To do:
Output the data below exactly as it is, dropping the pictures from your copy.

Data block:
++++

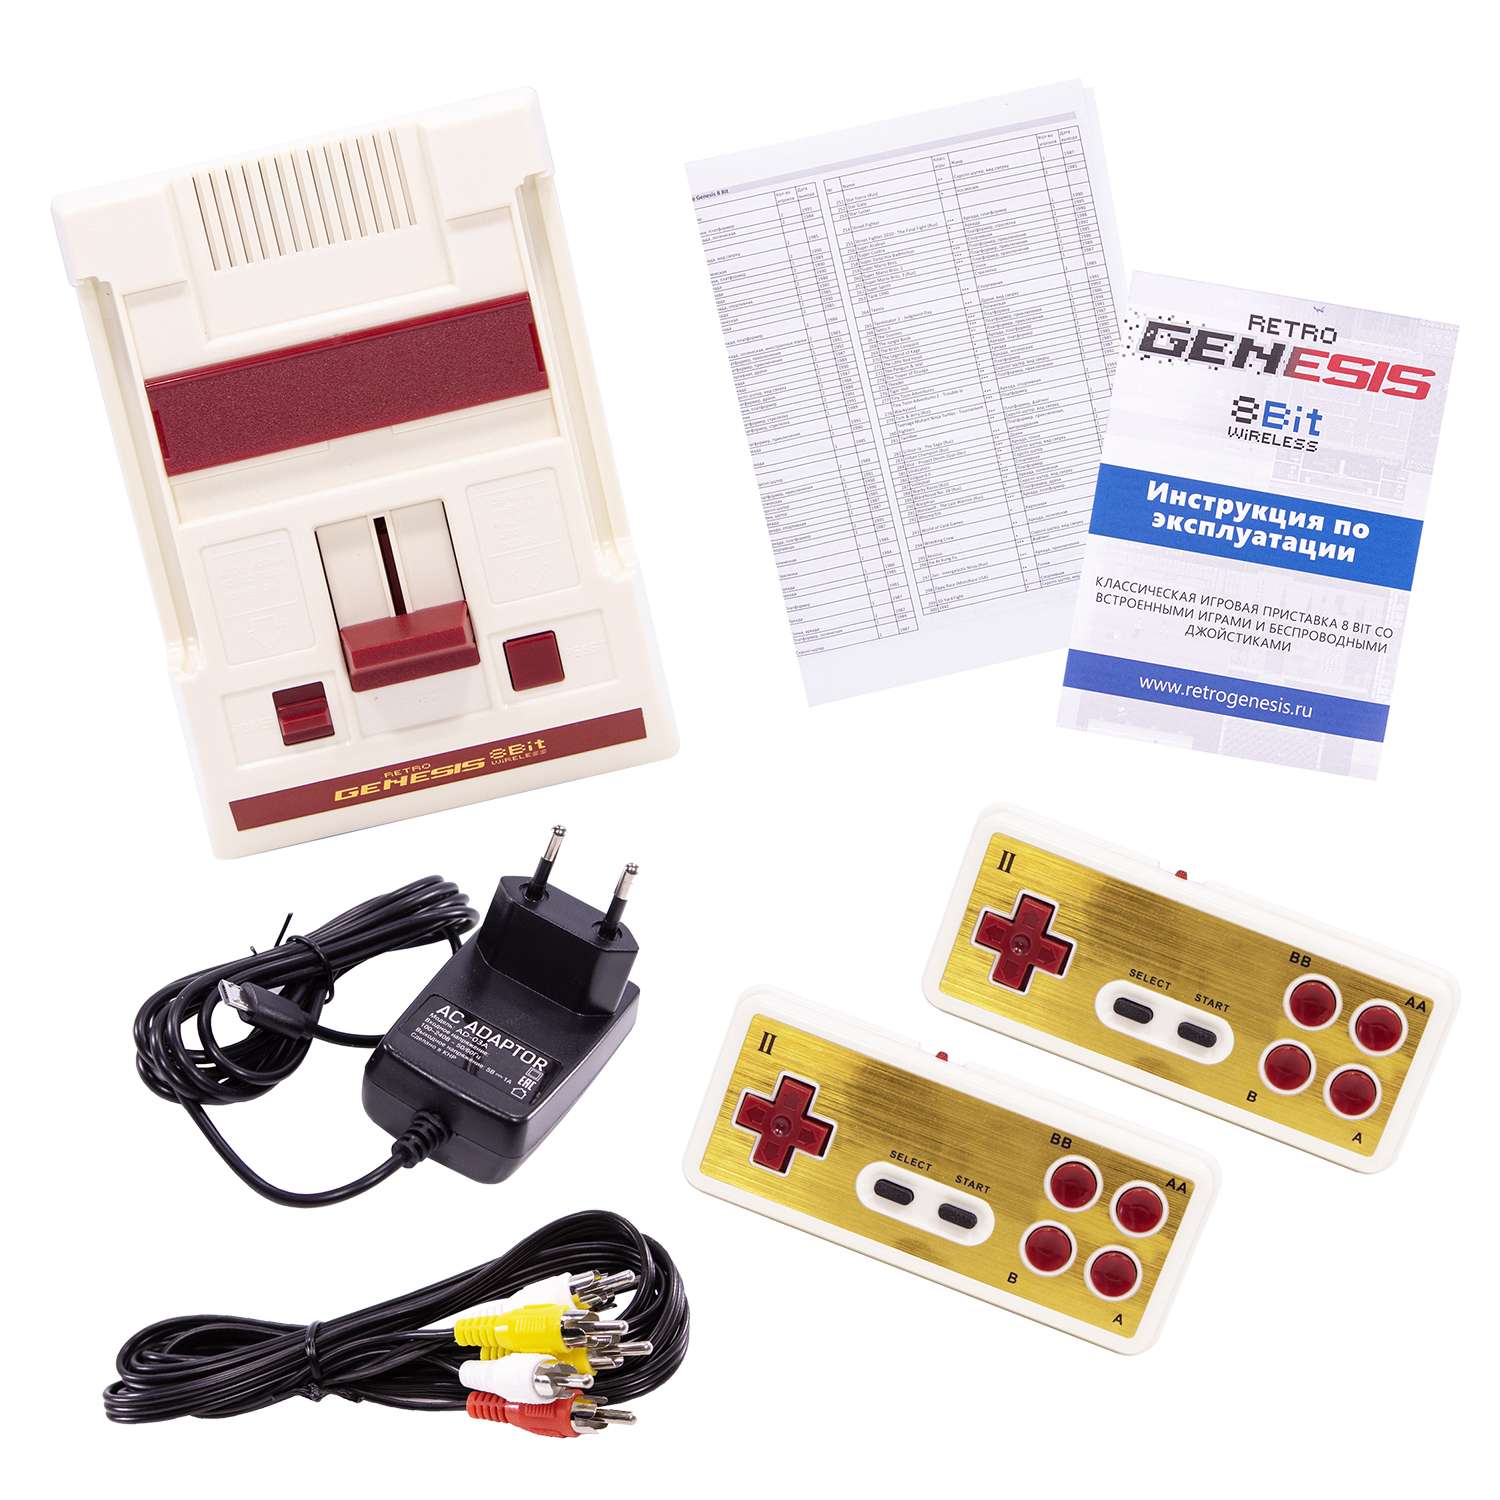 Игровая приставка для детей Retro Genesis 8 Bit Wireless + 300 игр / AV кабель / 2 беспроводных джойстика - фото 2
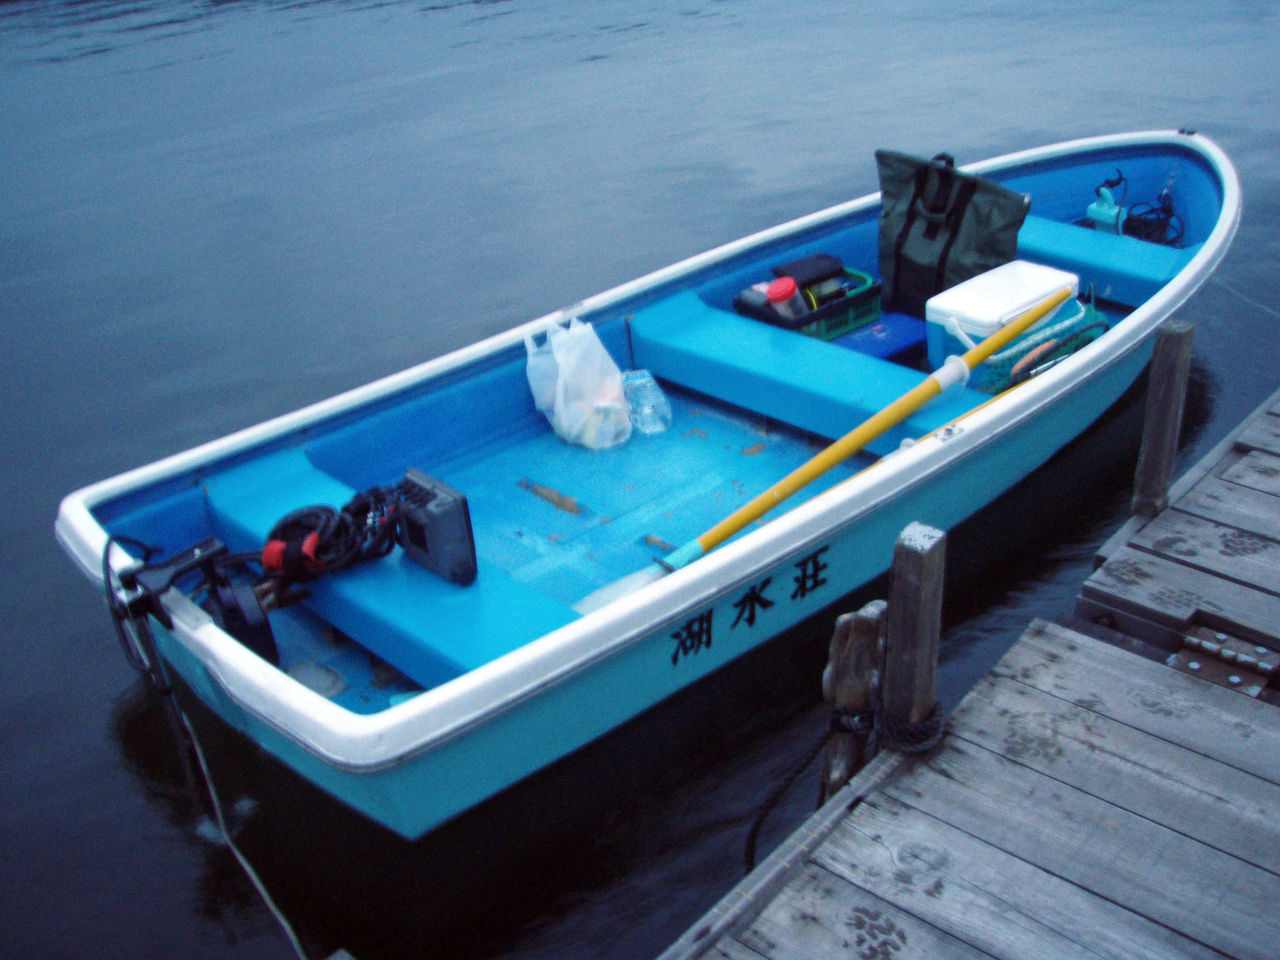 芦ノ湖釣り講座 貸ボートで気をつけておきたい3つのこと 芦ノ湖ヘッポコ釣り日記 3 Since 07
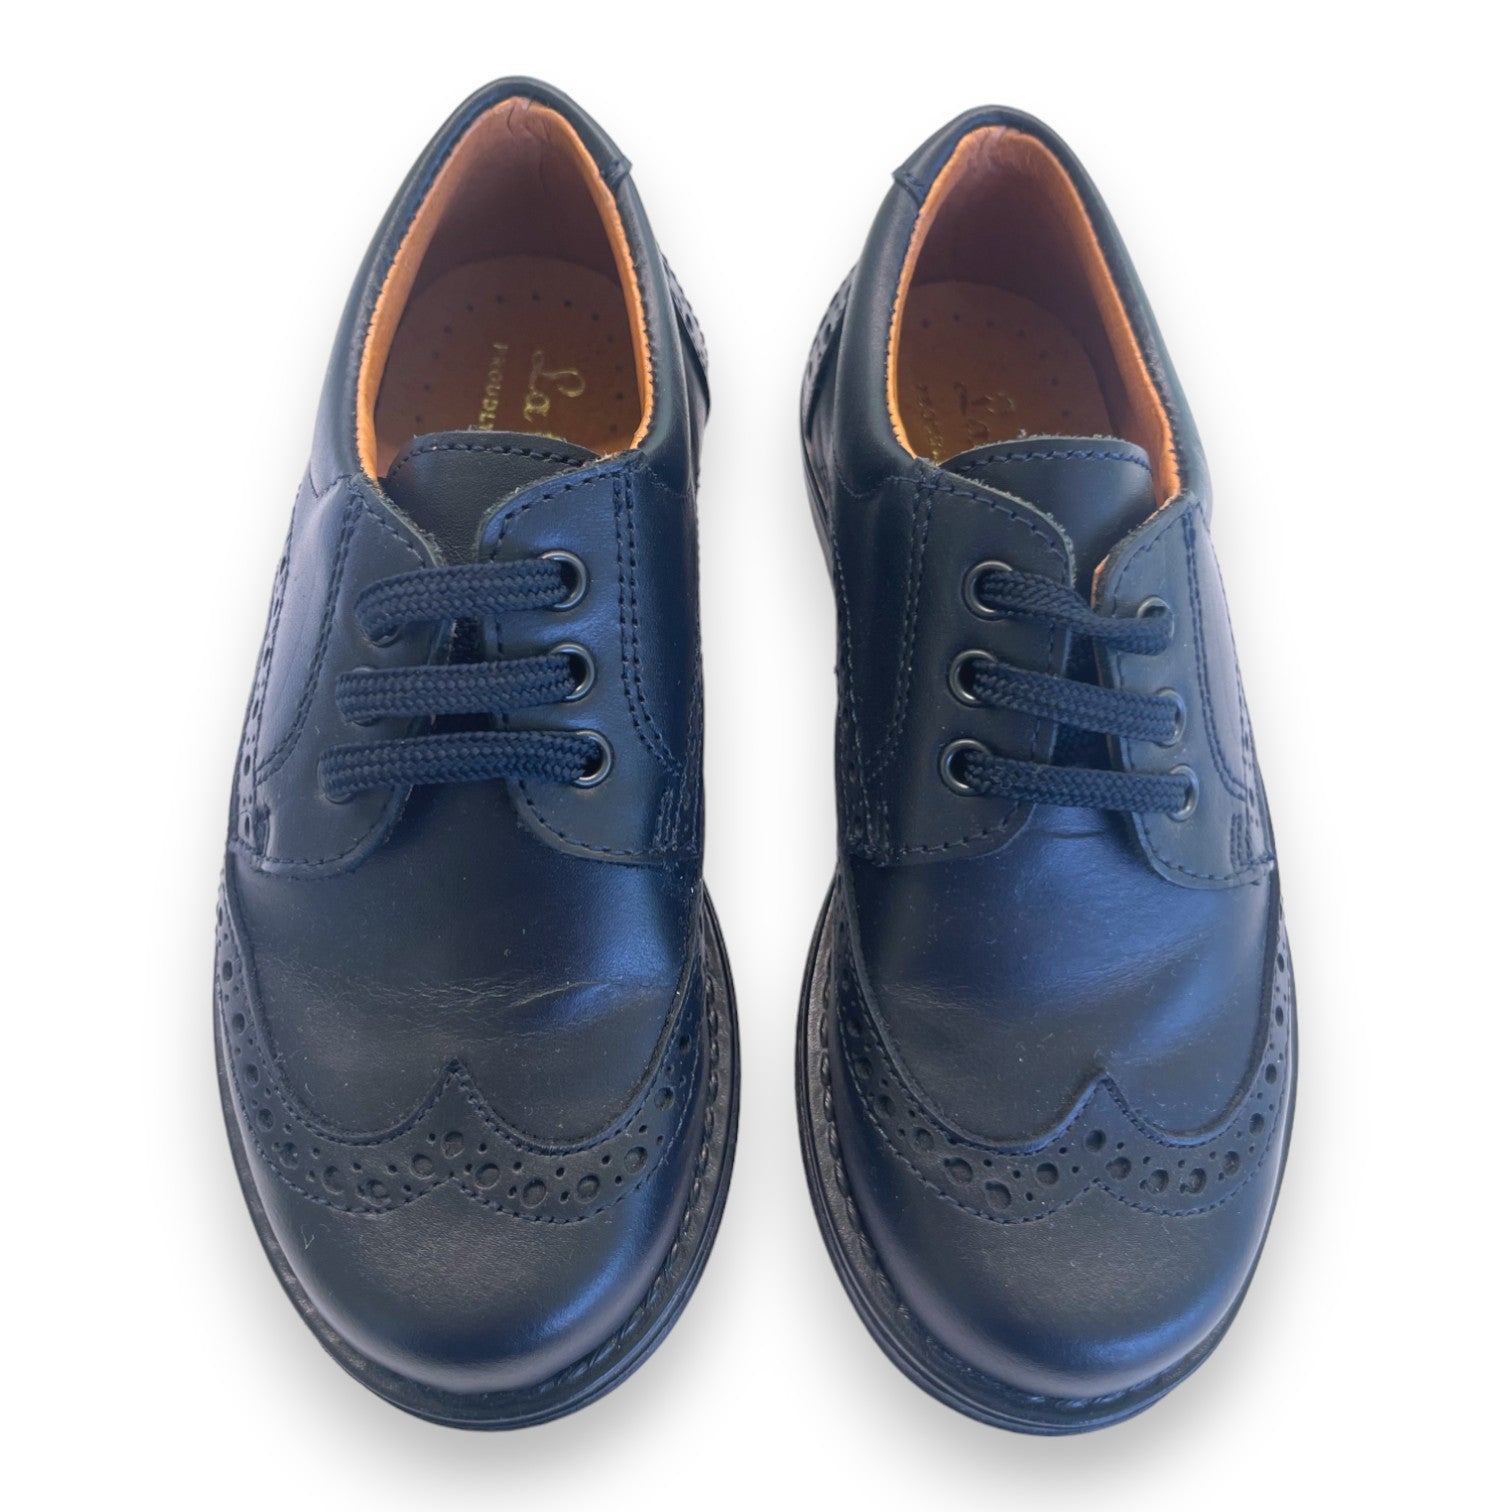 LA COQUETA - Chaussures en cuir bleu marines - 26

++++

Solution to this problem:
 Игровая приставка для детей Retro Genesis 8 Bit Wireless + 300 игр / AV кабель / 2 беспроводных джойстика - фото 2
 芦ノ湖釣り講座 貸ボートで気をつけておきたい3つのこと 芦ノ湖ヘッポコ釣り日記 3 Since 07
 LA COQUETA - Chaussures en cuir bleu marines - 26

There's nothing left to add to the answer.